[Supplied material — start]

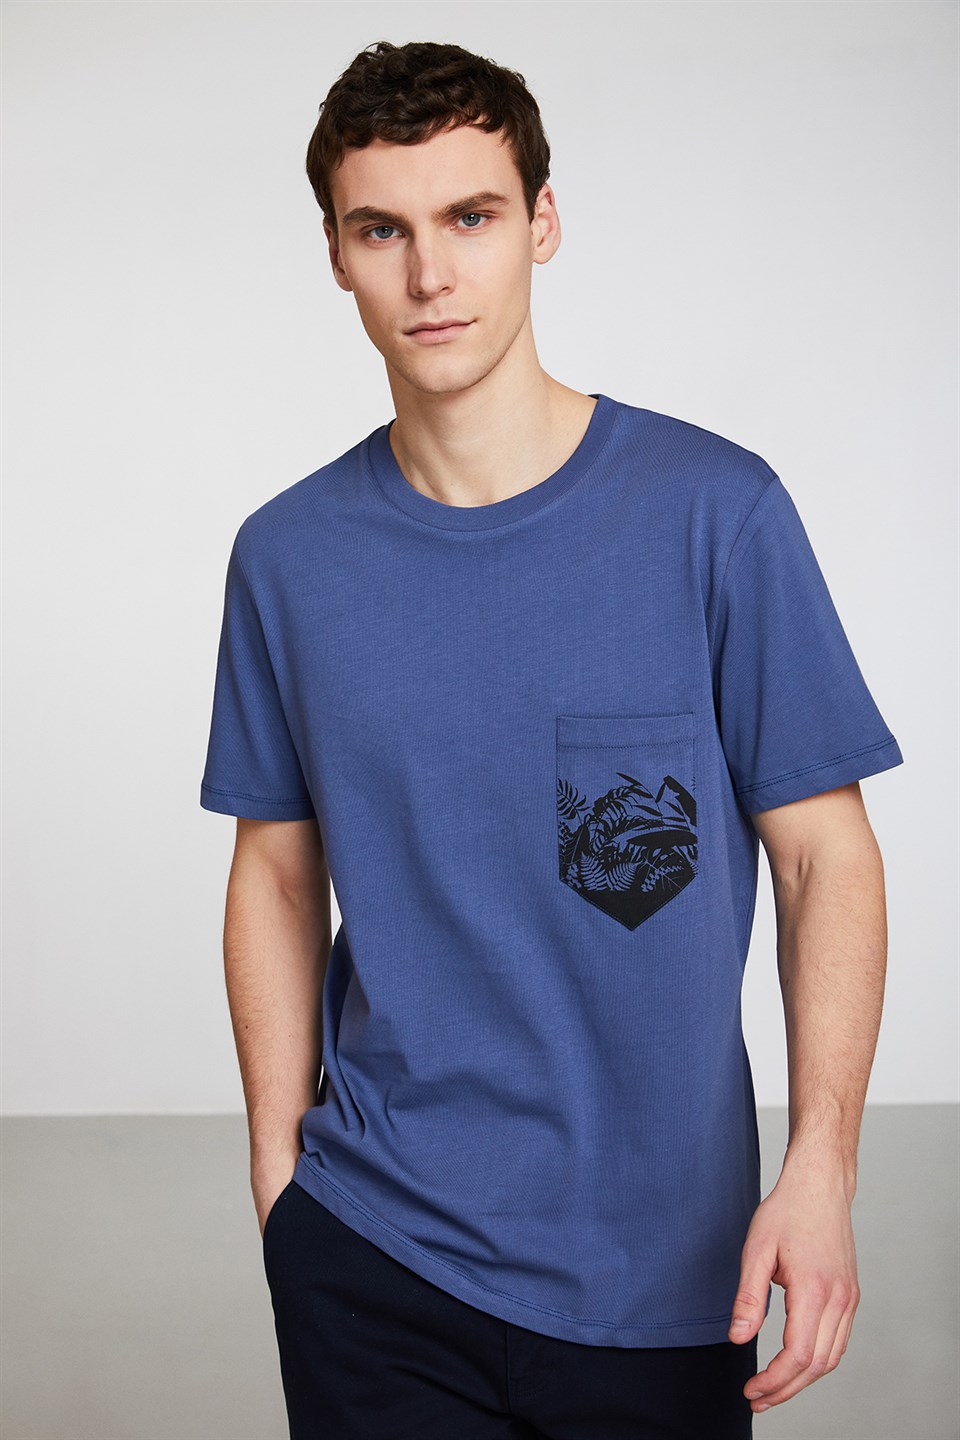 ASHER Erkek İndigo Mavi Baskılı Yuvarlak Yaka Comfort Fit T-Shirt
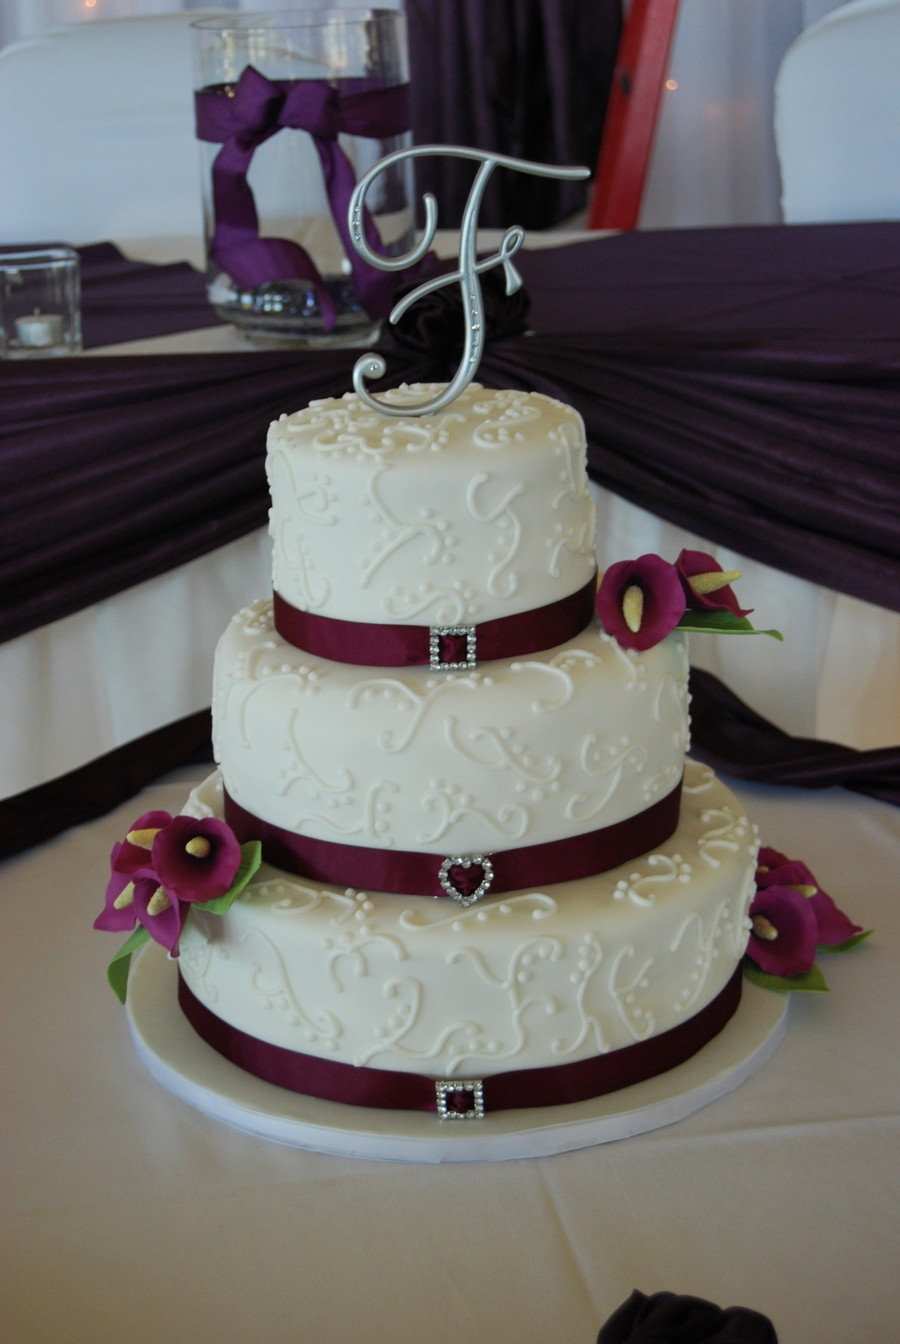 Wedding Cakes With Calla Lilies
 Calla Lily Wedding Cake CakeCentral
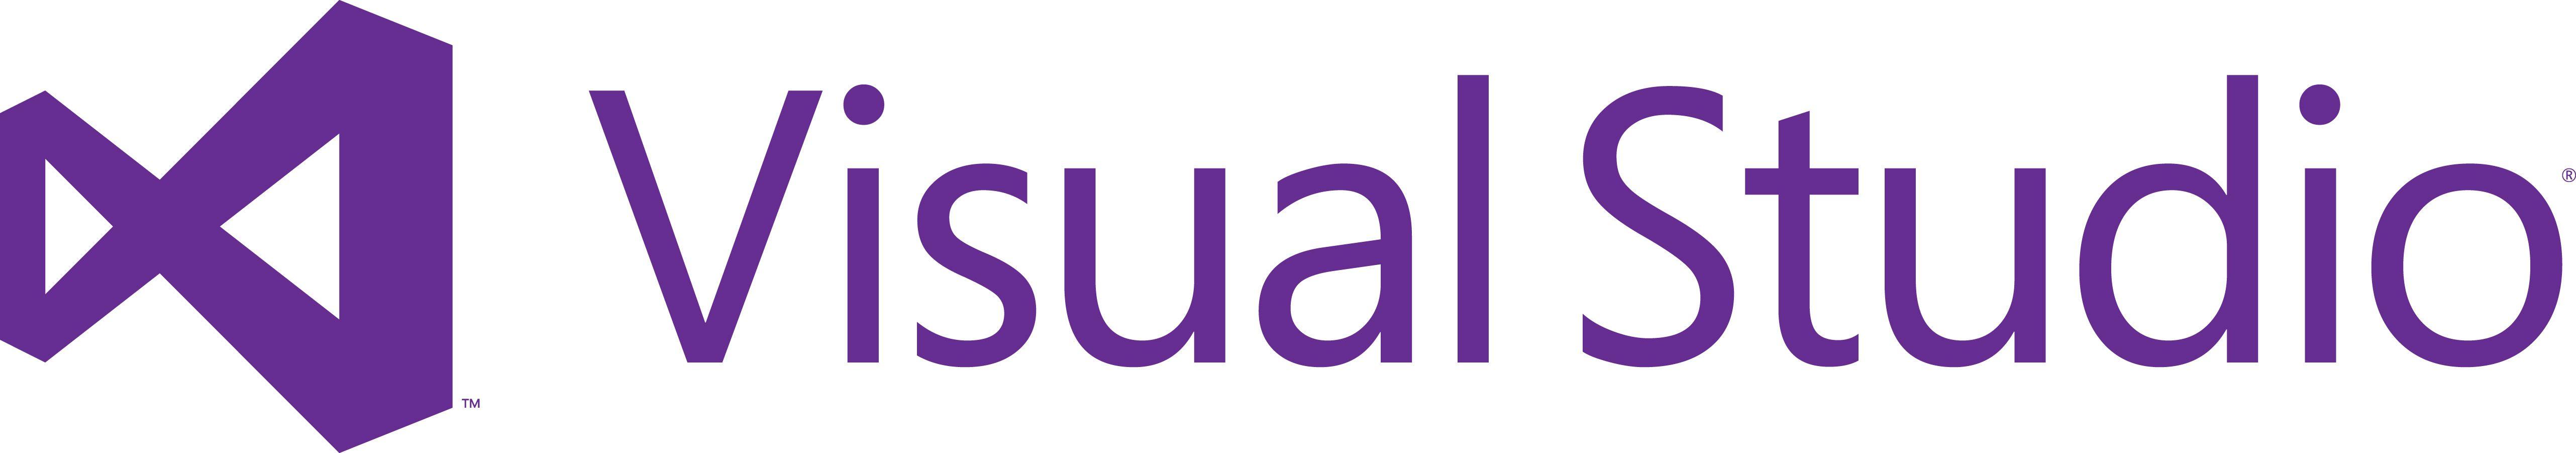 Visual Studio 2013 Logo - Visual studio Logos
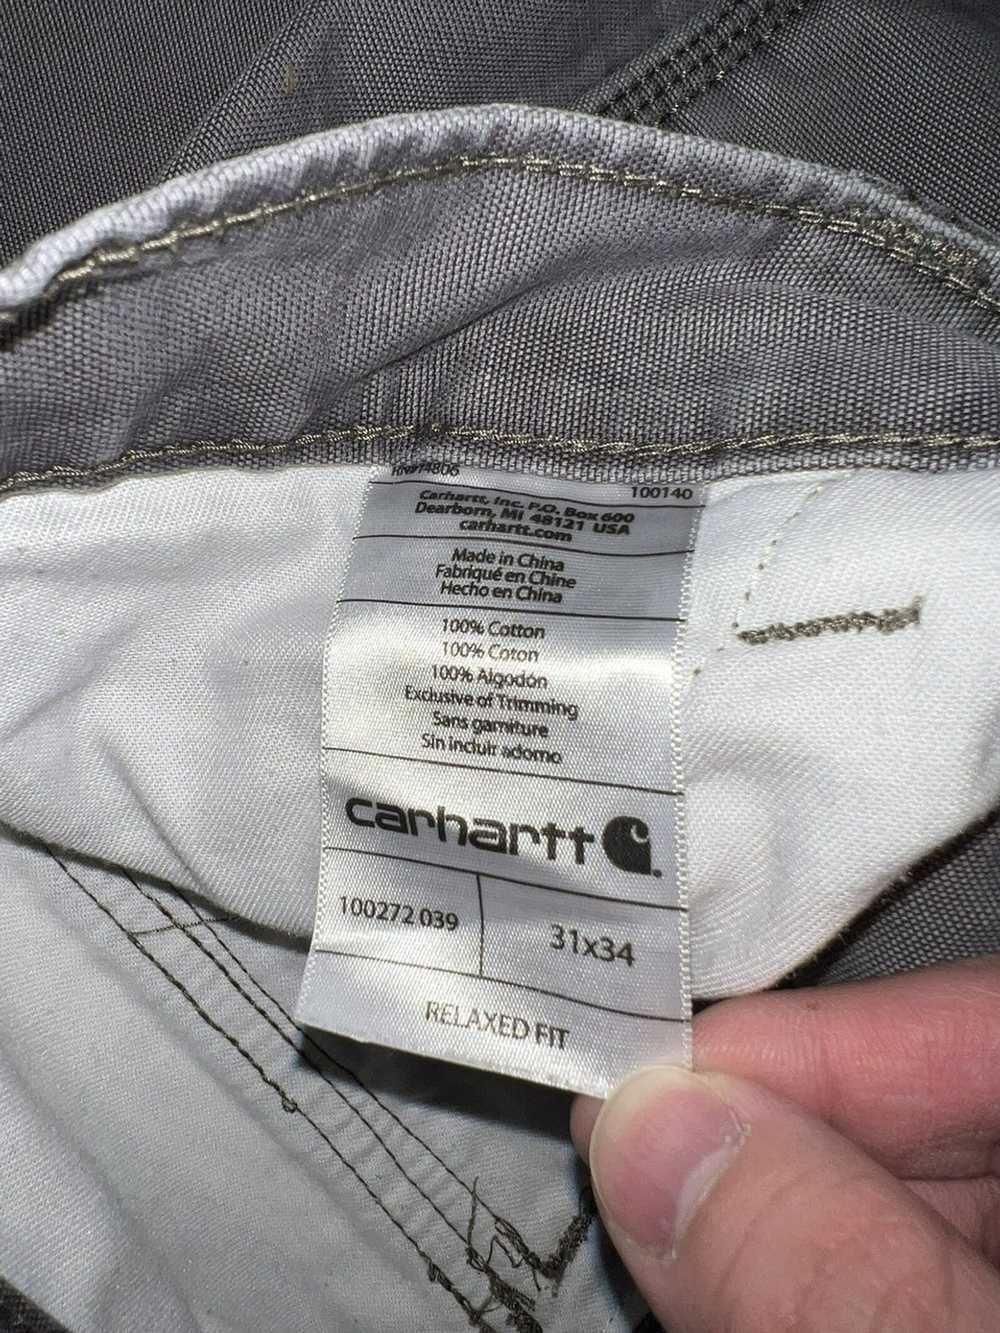 Carhartt Carhartt Cargo Pants - image 4

[Supplied material — finish]

Work required —
Print the listing word for word but skip its pictures.

Written reply —
 ASHER Erkek İndigo Mavi Baskılı Yuvarlak Yaka Comfort Fit T-Shirt
 Wedding Cakes With Calla Lilies
 Calla Lily Wedding Cake CakeCentral
 Visual Studio 2013 Logo - Visual studio Logos
 Carhartt Carhartt Cargo Pants - image 4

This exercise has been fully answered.